If you can see it while you are alive, then something i possible -- something which is beyond life and death.

There was a fellow, an army man, posted in the South Pacific, who happened to contract, in the usual way, a very strong and particularly annoying venereal disease -- and moreover, it was not the ordinary type of venereal disease either, but something completely out of the ordinary in every respect.
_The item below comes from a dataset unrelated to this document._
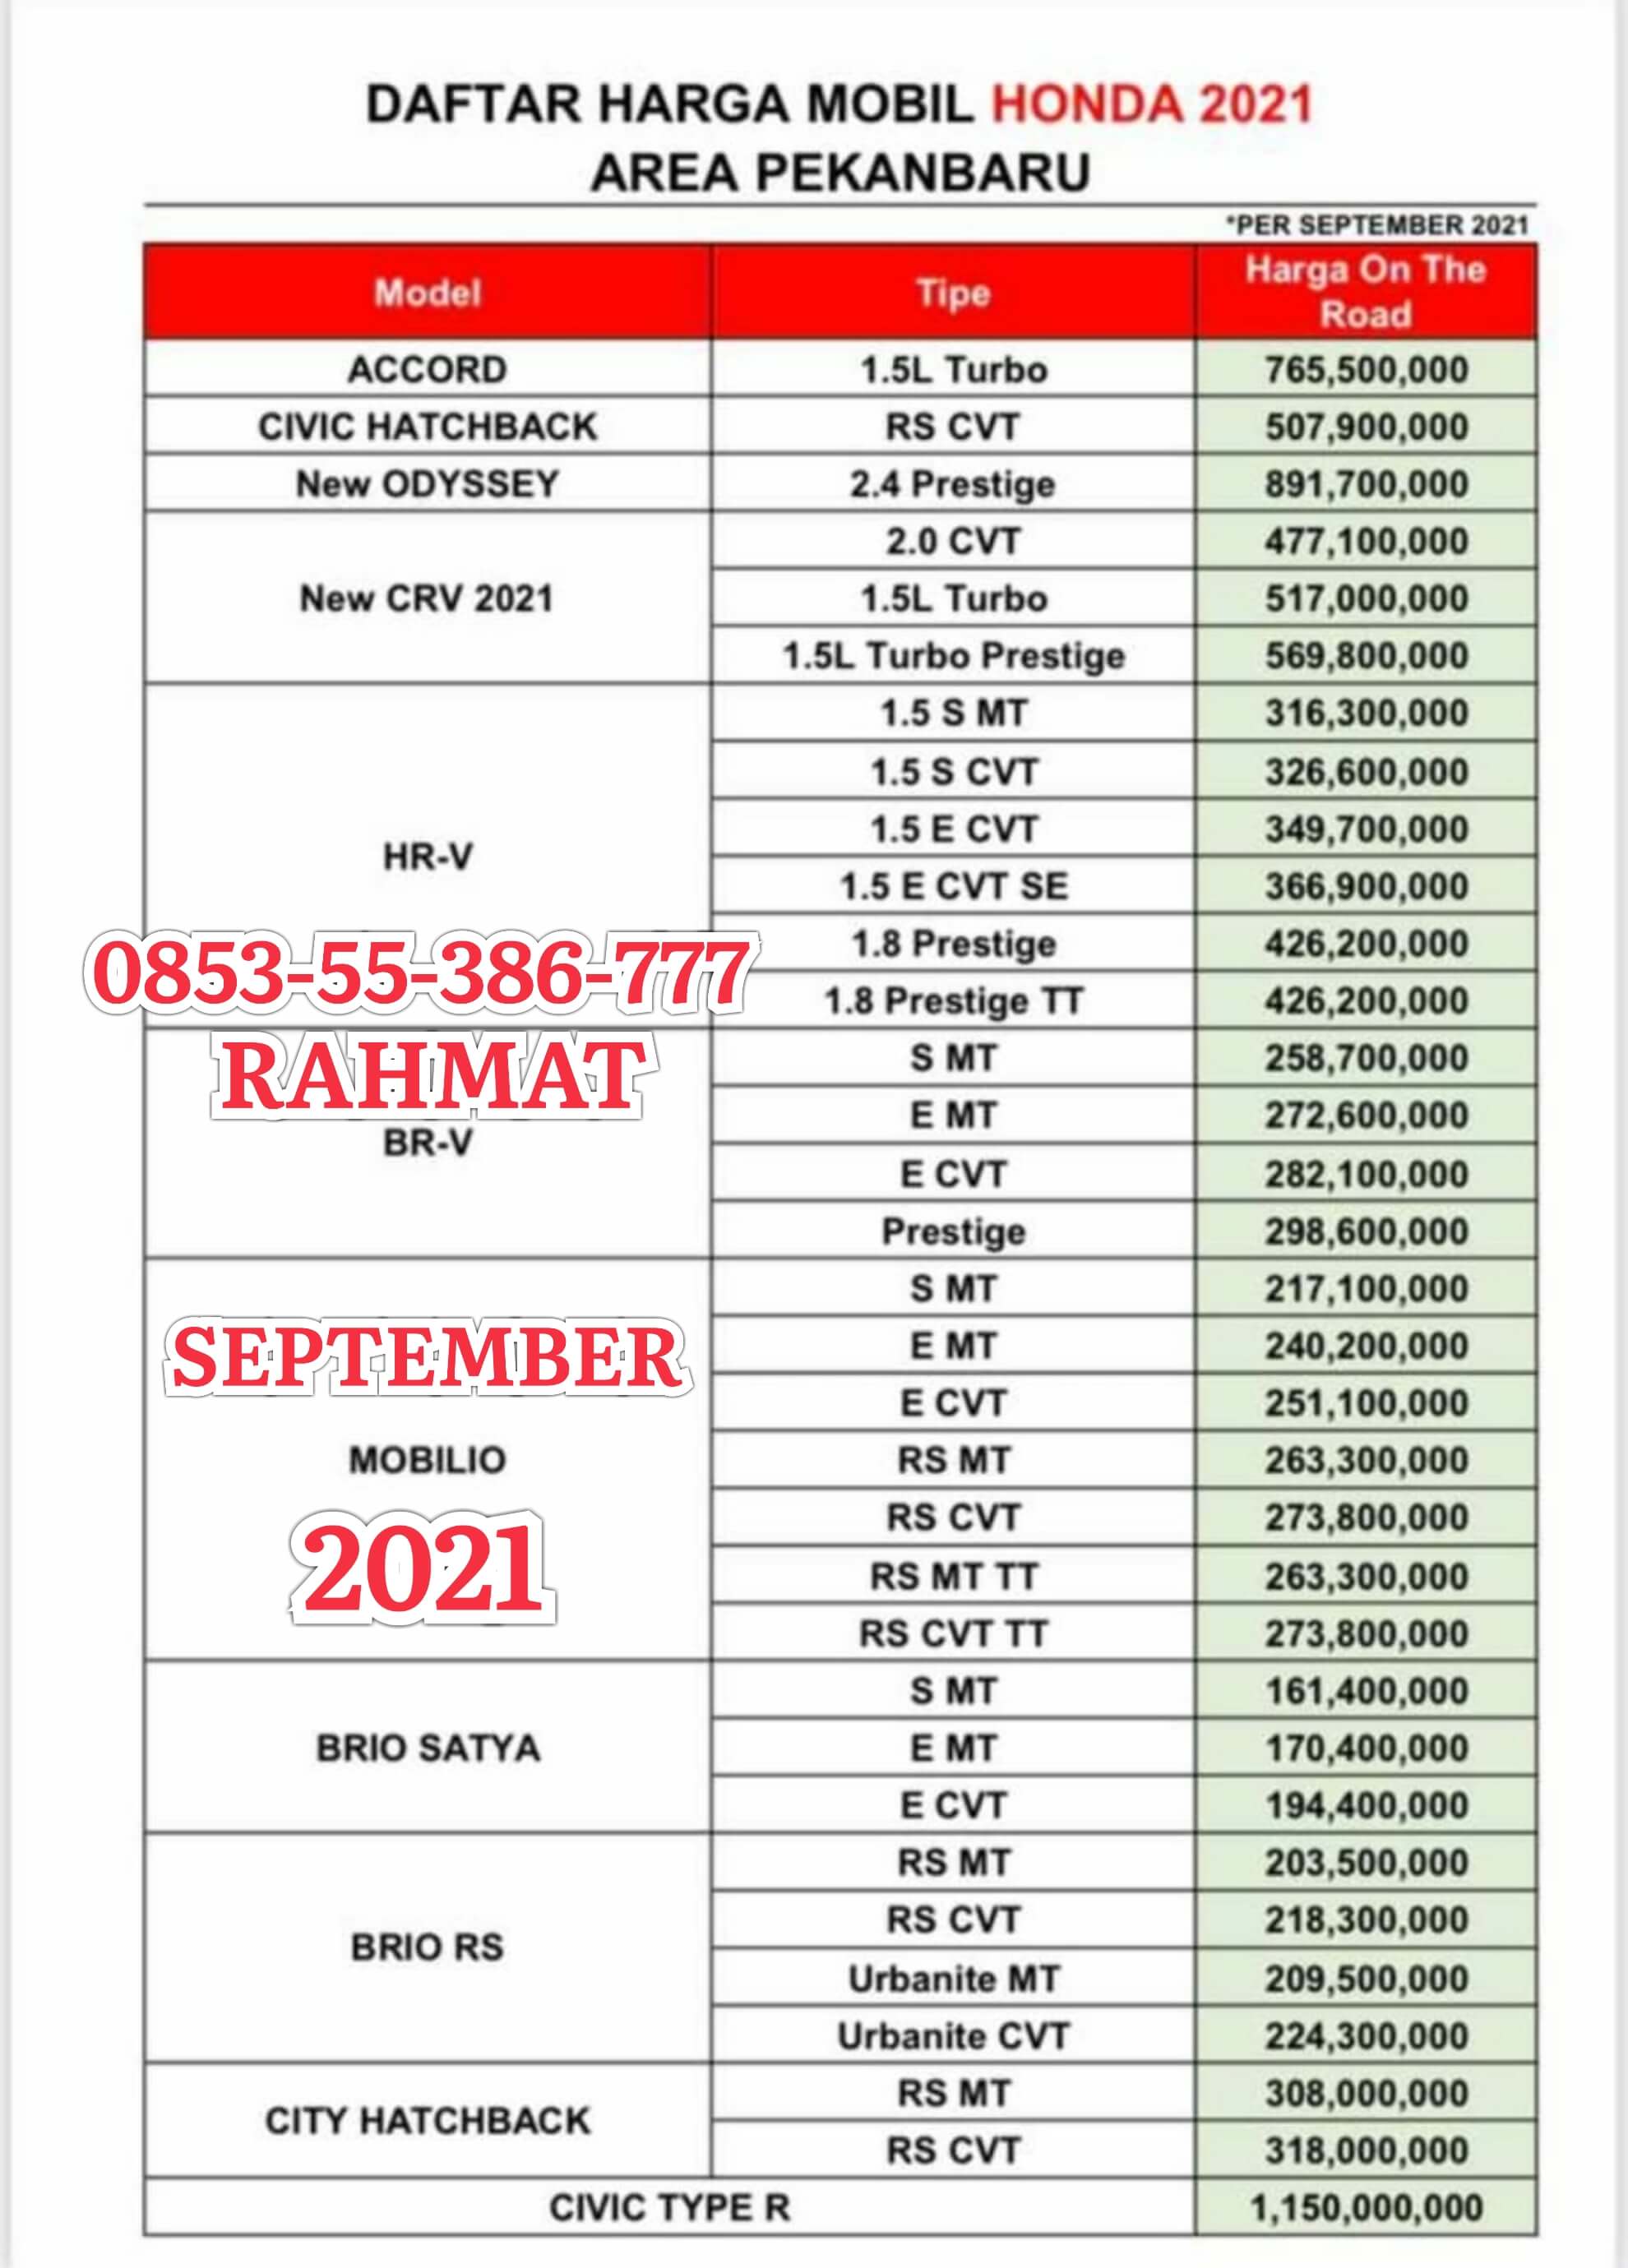 0853-55-386-777 | Promo Mobil Honda Pekanbaru | Harga Mobil Honda Pekanbaru | Dealer Showroom Mobil Honda Pekanbaru

To begin with, this fellow's private parts became so swollen he had to wear pants fourteen sizes larger than usual. And they turned the most peculiar shade of purple, and also orange -- with polka-dots and stripes all around as well! It was, in short, a mess, and nobody knew what to do. The doctors he consulted had no idea how to treat it -- the best they could offer was to cut it off, which the fellow said he would absolutely never allow. So it came to the point when he decided to go back to the island from where he had got this peculiar disease, because he figured they would be familiar with it, which it turned out was correct. They knew exactly what it was -- boy, was he relieved!

"You mean you won't have to amputate it?" he asked the island doctor.

"That's right," the doctor said.

"I knew it, I knew those doctors in the States were full of baloney!" he told the doctor. "They all said that it would have to be amputated.''

"Oh, no," the doctor soothed, "it will fall off by itself in a few days."

But what consolation is that?

Success fails, failure fails -- all fails. And the ultimate is death. It is not a consolation that you will be dying rich. It is not a consolation that you will be dying famous. It makes no difference. Beggar or king, poor or rich, death comes and simply effaces your whole life.